When dealing with these datasets please be careful and responsible. The datasets are meant to be used strictly for the purposes of the class project and nothing else. This means: (1) Do not do anything ''funny'' with the dataset; (2) Do not try to break the anonymization; (3) Do not share that data outside the class; (4) do not copy the data off the Amazon EC2; (4) After the class is over destroy all data.
Litepoint makes test equipment for the wireless industry. The dataset is real but has been obfuscated and cleansed a bit. There are tests from more than 300,000 devices over a period of 1 month, each device has almost 900 tests each. So you'll find more than a quarter billion numbers in the csv file. Numbers that can be visualized in many ways. A quick intro to test data; some tests will have limits, either upper, lower, or both. The test result has to be within these limits to pass the test, if there are no limits the test is passed by default. The percentage of devices that pass all tests is called the yield and the station is the physical location where the device actually gets tested.

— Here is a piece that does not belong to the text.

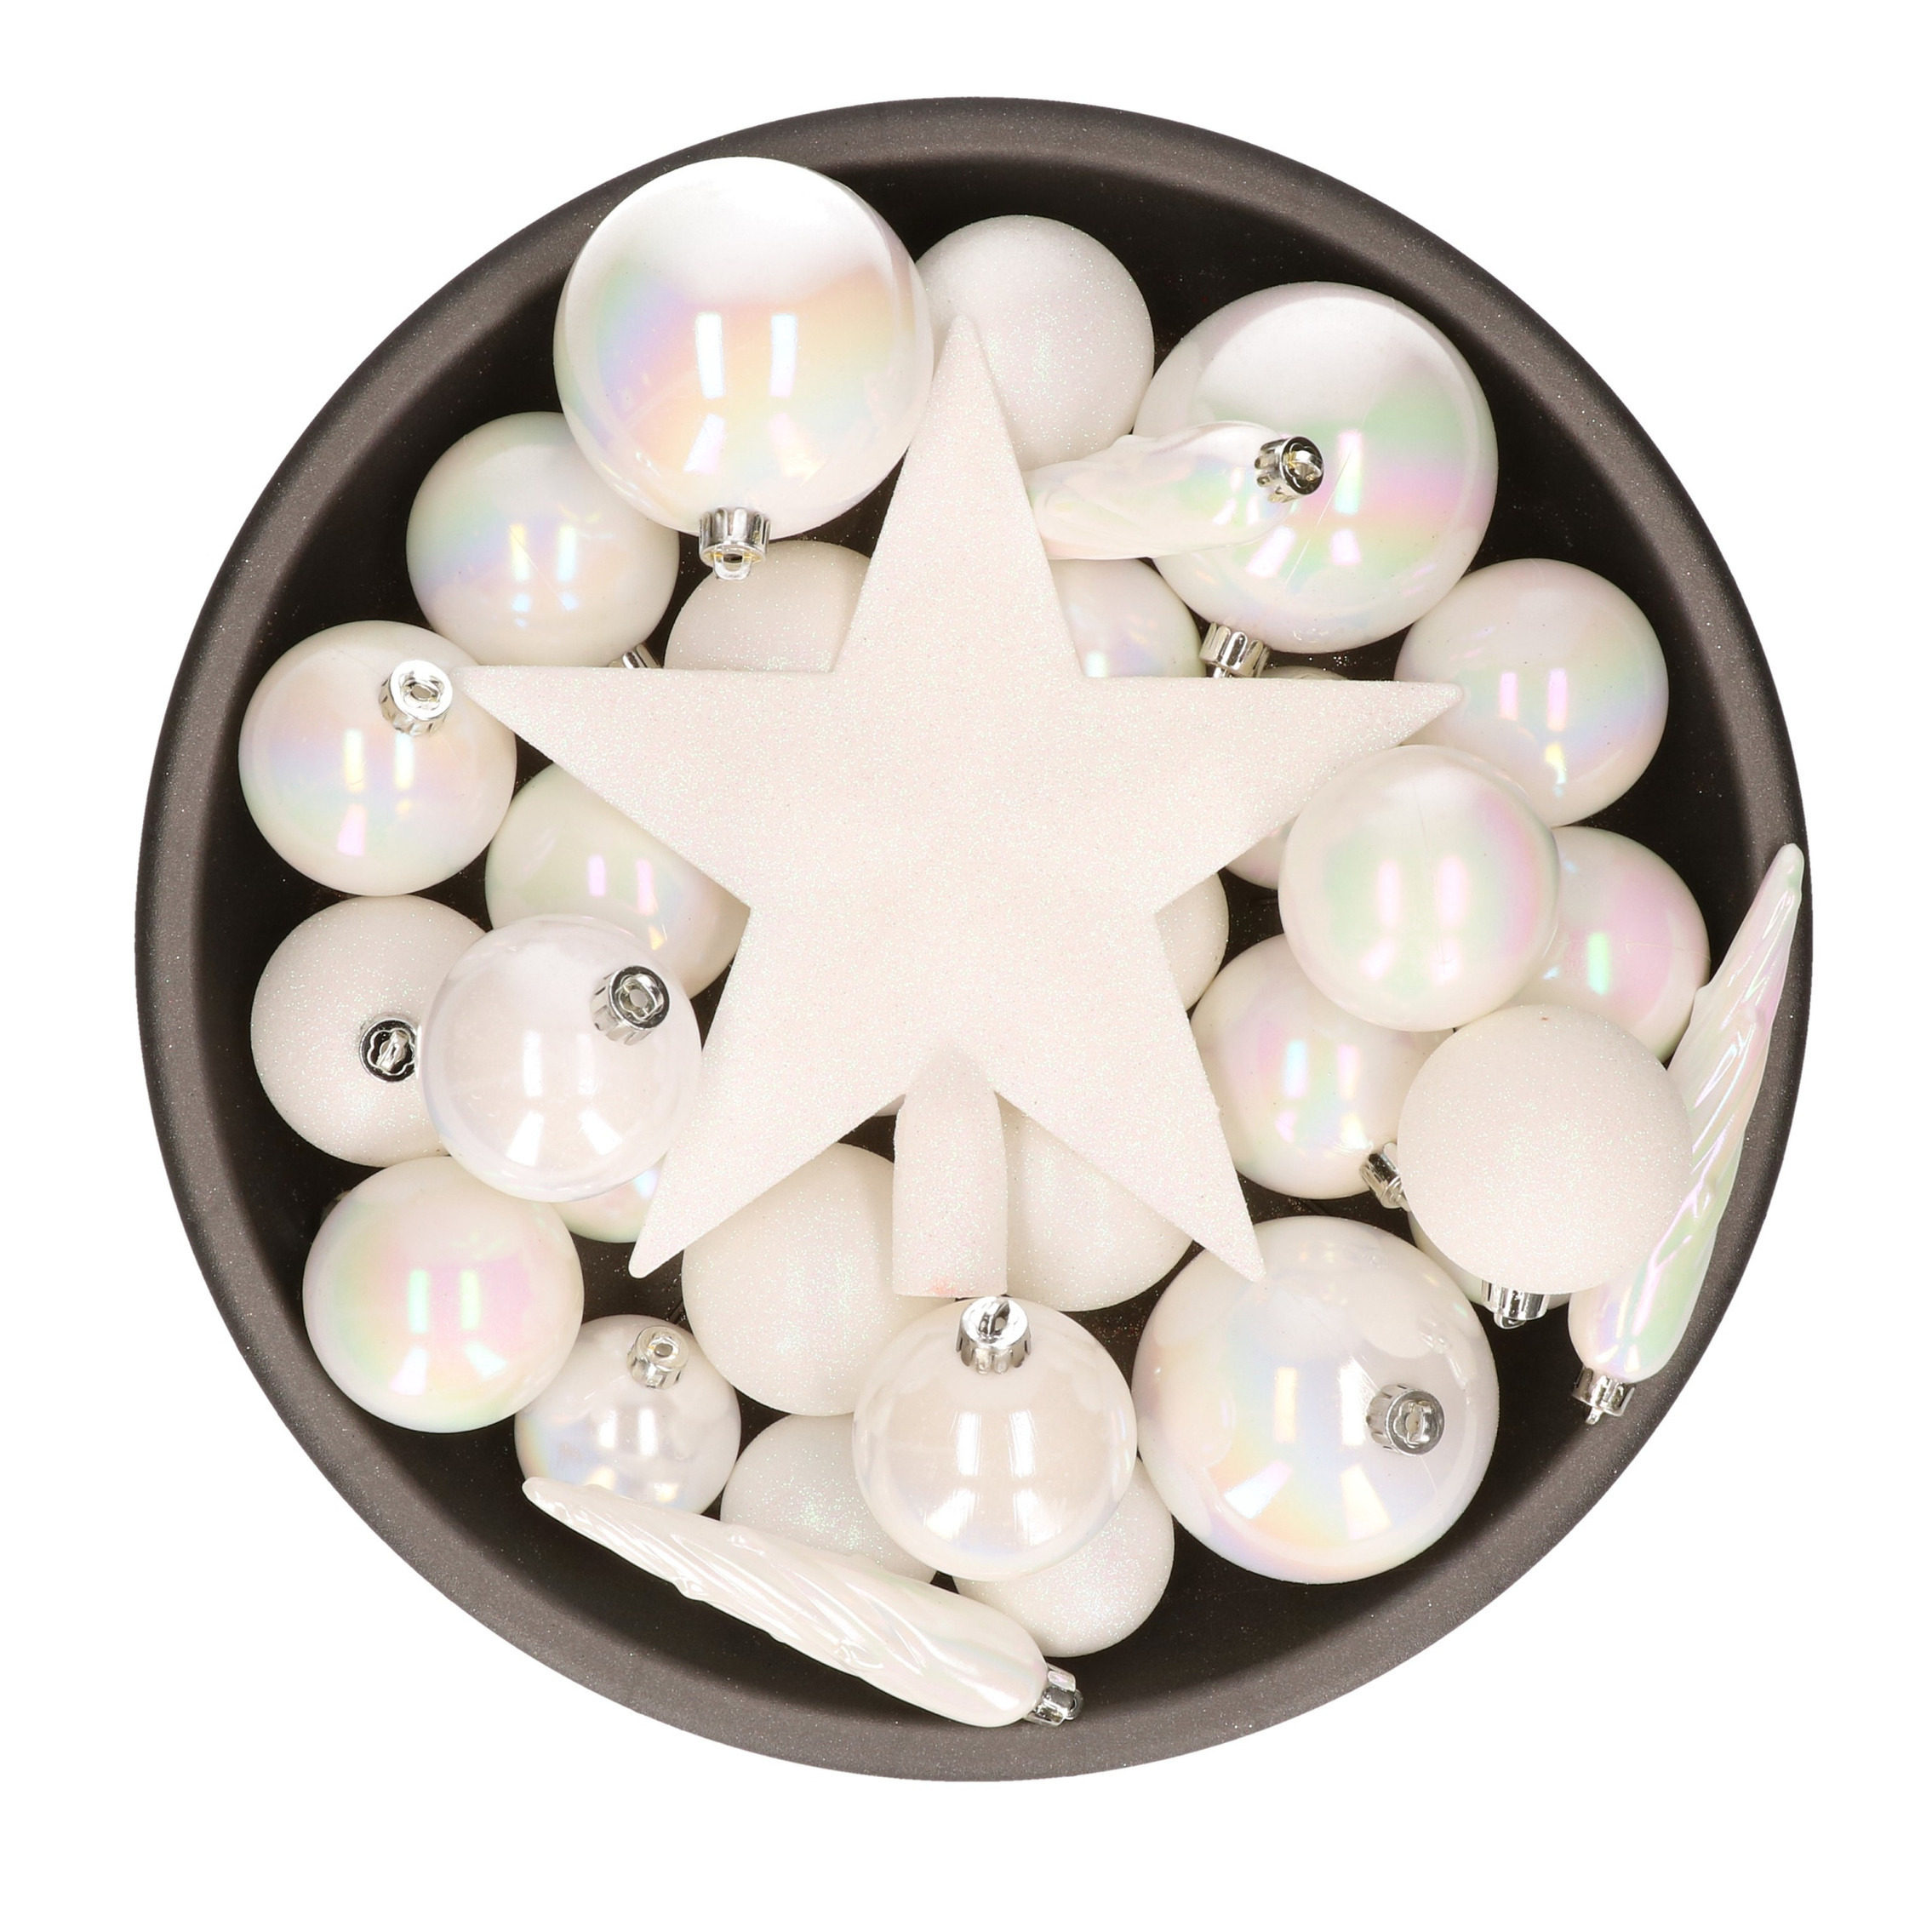 55x stuks kunststof kerstballen met ster piek parelmoer wit mix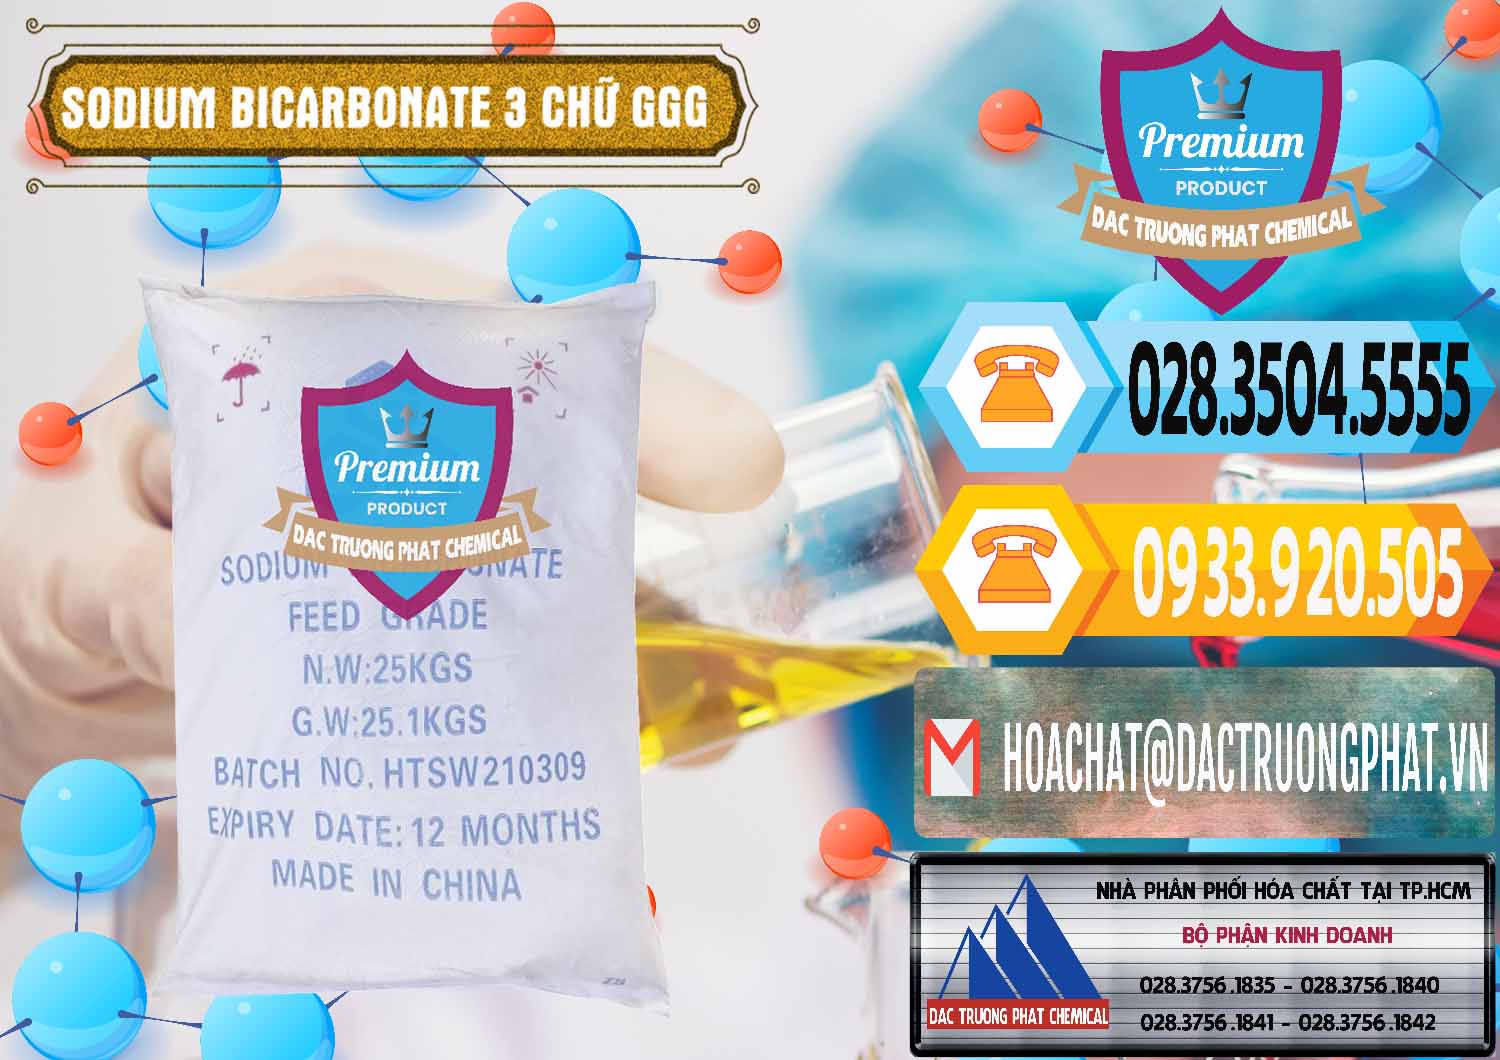 Nơi chuyên bán _ cung ứng Sodium Bicarbonate – Bicar NaHCO3 Food Grade 3 Chữ GGG Trung Quốc China - 0259 - Nhà cung cấp và phân phối hóa chất tại TP.HCM - hoachattayrua.net

So what can be done with the data? We typically calculate yield over station and over time, we also create fail paretos, again we also typically do it over stations and time. We also make simple graphs and statistics over each test. This could for instance be histograms, line charts over time, scatter plots for comparison, etc. Our intent with this challenge is purely exploratory, meaning that you're free to explore as you please! Submit a video of you describing your analysis and why it’s useful. Also include a PDF file which shows the way you interpreted the data (images/graphs/tables).
Let us know if you need more info on these datasets. We will upload the datasets to EC2.